Diane sighed, wishing her mother would stop signing text messages. “It's my mom,” she said to Sarina, who looked confused.
She gave Diane a soft smile. “Do you want me to order us dessert?”
“You know what I like.”
Diane found a bench outside the restaurant, stretched her legs out into the paths of passersby, and called her mother.
“I haven't been able to get a hold of your brother. Where is he?” Tonya asked.
“Paul is on tour, Mom,” Diane said. Years of conversations with her mother started and ended with her brother; any expectations to the contrary were foolish.
“Will you call him, honey?” Tonya asked the question as though she and her son talked every day, like Paul hadn't stopped answering her calls three years ago.

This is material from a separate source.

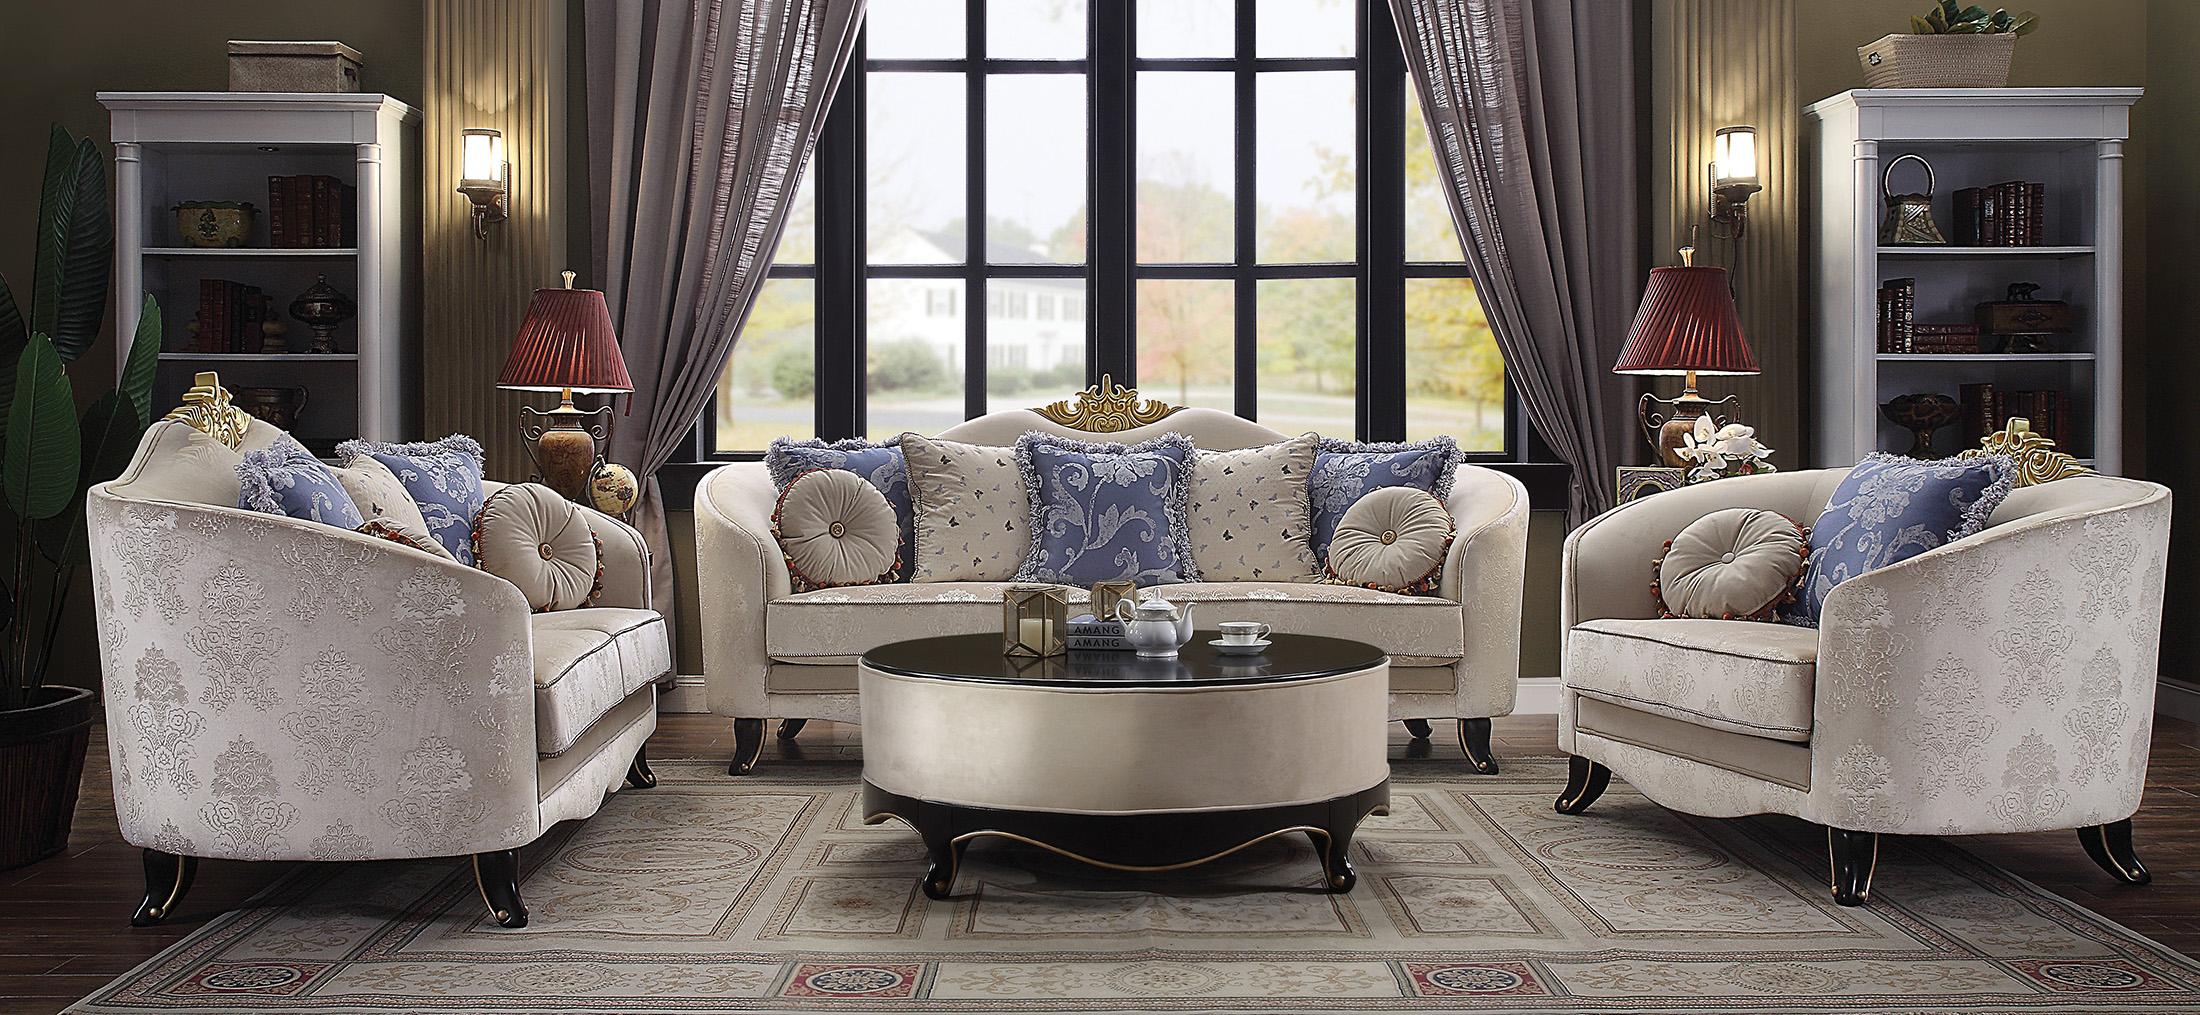 Classic, Traditional Sofa Loveseat Chair and Coffee Table Sheridan-53945 Sheridan-53945-Set-4 in Cream Fabric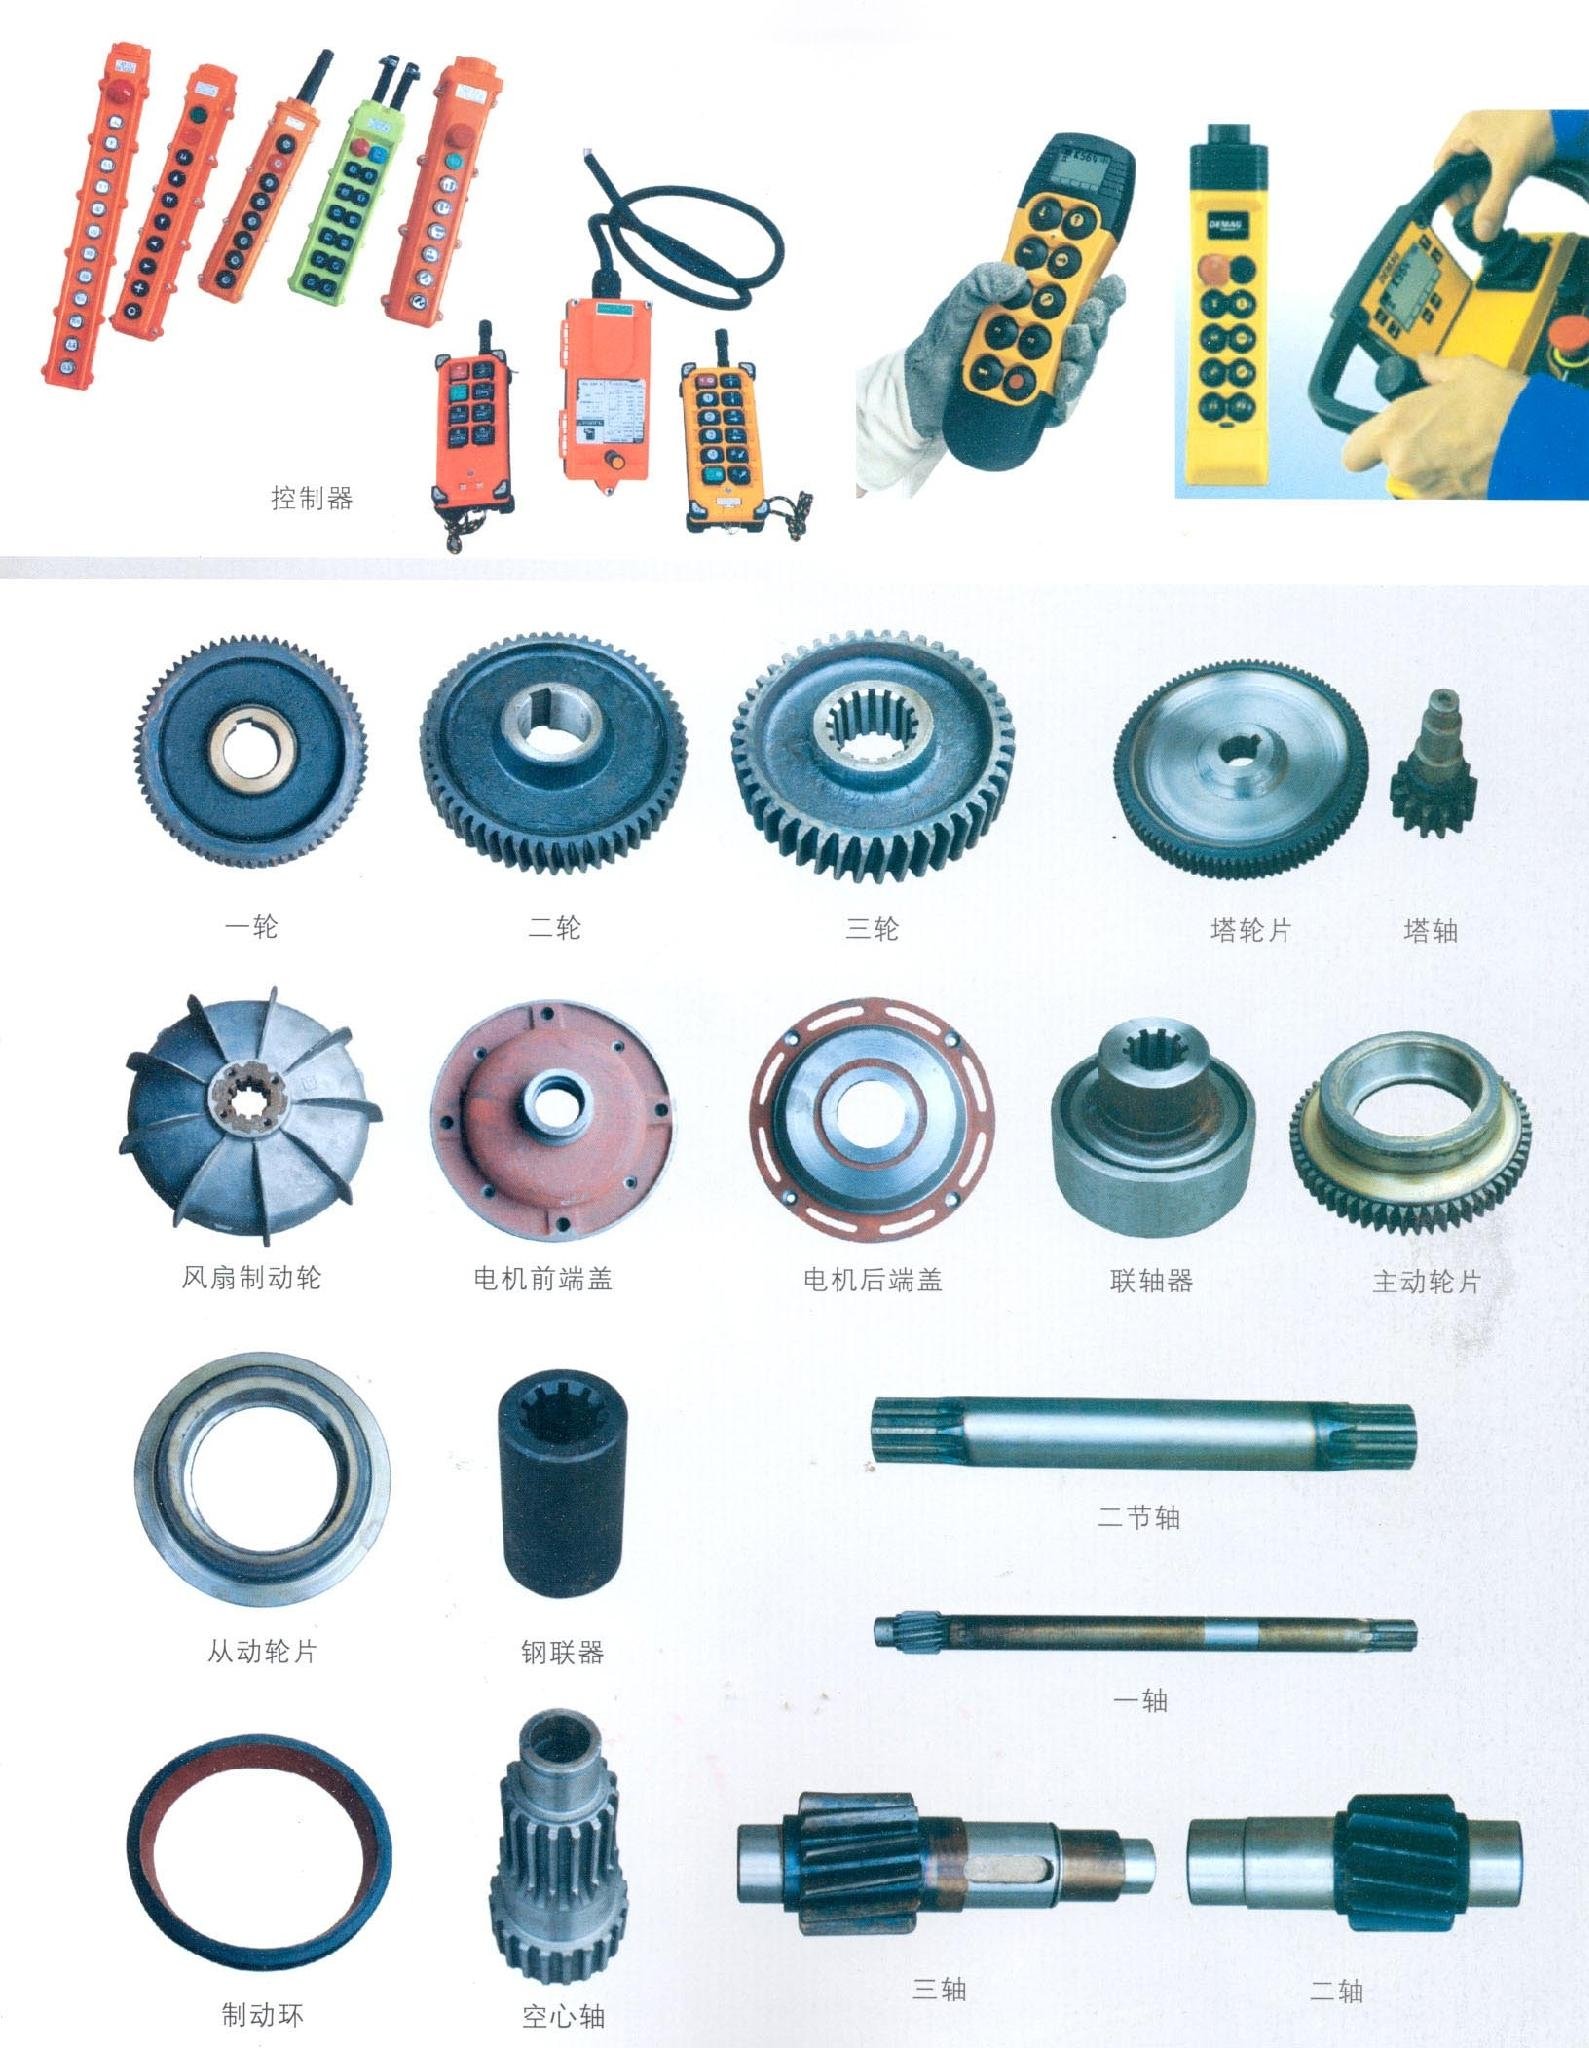 YKLCRANES components & spare parts 2

Diane knew full well Paul wasn't going to answer a call from her any more than he would a call from their mother. Not while he was with Jacob.
Tonya continued without pause. “When you get a hold of him, let him know that I need to see him. And you. Both of you. Come on home. It's been so long since you've been home, and I miss you, Diane. I miss you and Paul.”
After Diane hung up, she tried calling her brother. The phone didn't even ring. After leaving as short of a message as she could manage, she sat outside for a few more moments, just breathing.
“I have to go,” she told Sarina.
Sarina frowned up at her. “But berry tarts.”
Diane hesitated, halfway to picking her purse up from the floor. “I can come see you in Atlanta.”
“You can also help me with these berry tarts,” Sarina said.
Diane smiled and slipped back into her seat, shaking her head. She smiled as they polished off two whole berry tarts and kissed goodbye on the curb outside the restaurant.
In the cab home she stopped smiling when her phone buzzed with a text from Paul: I hate Long Island.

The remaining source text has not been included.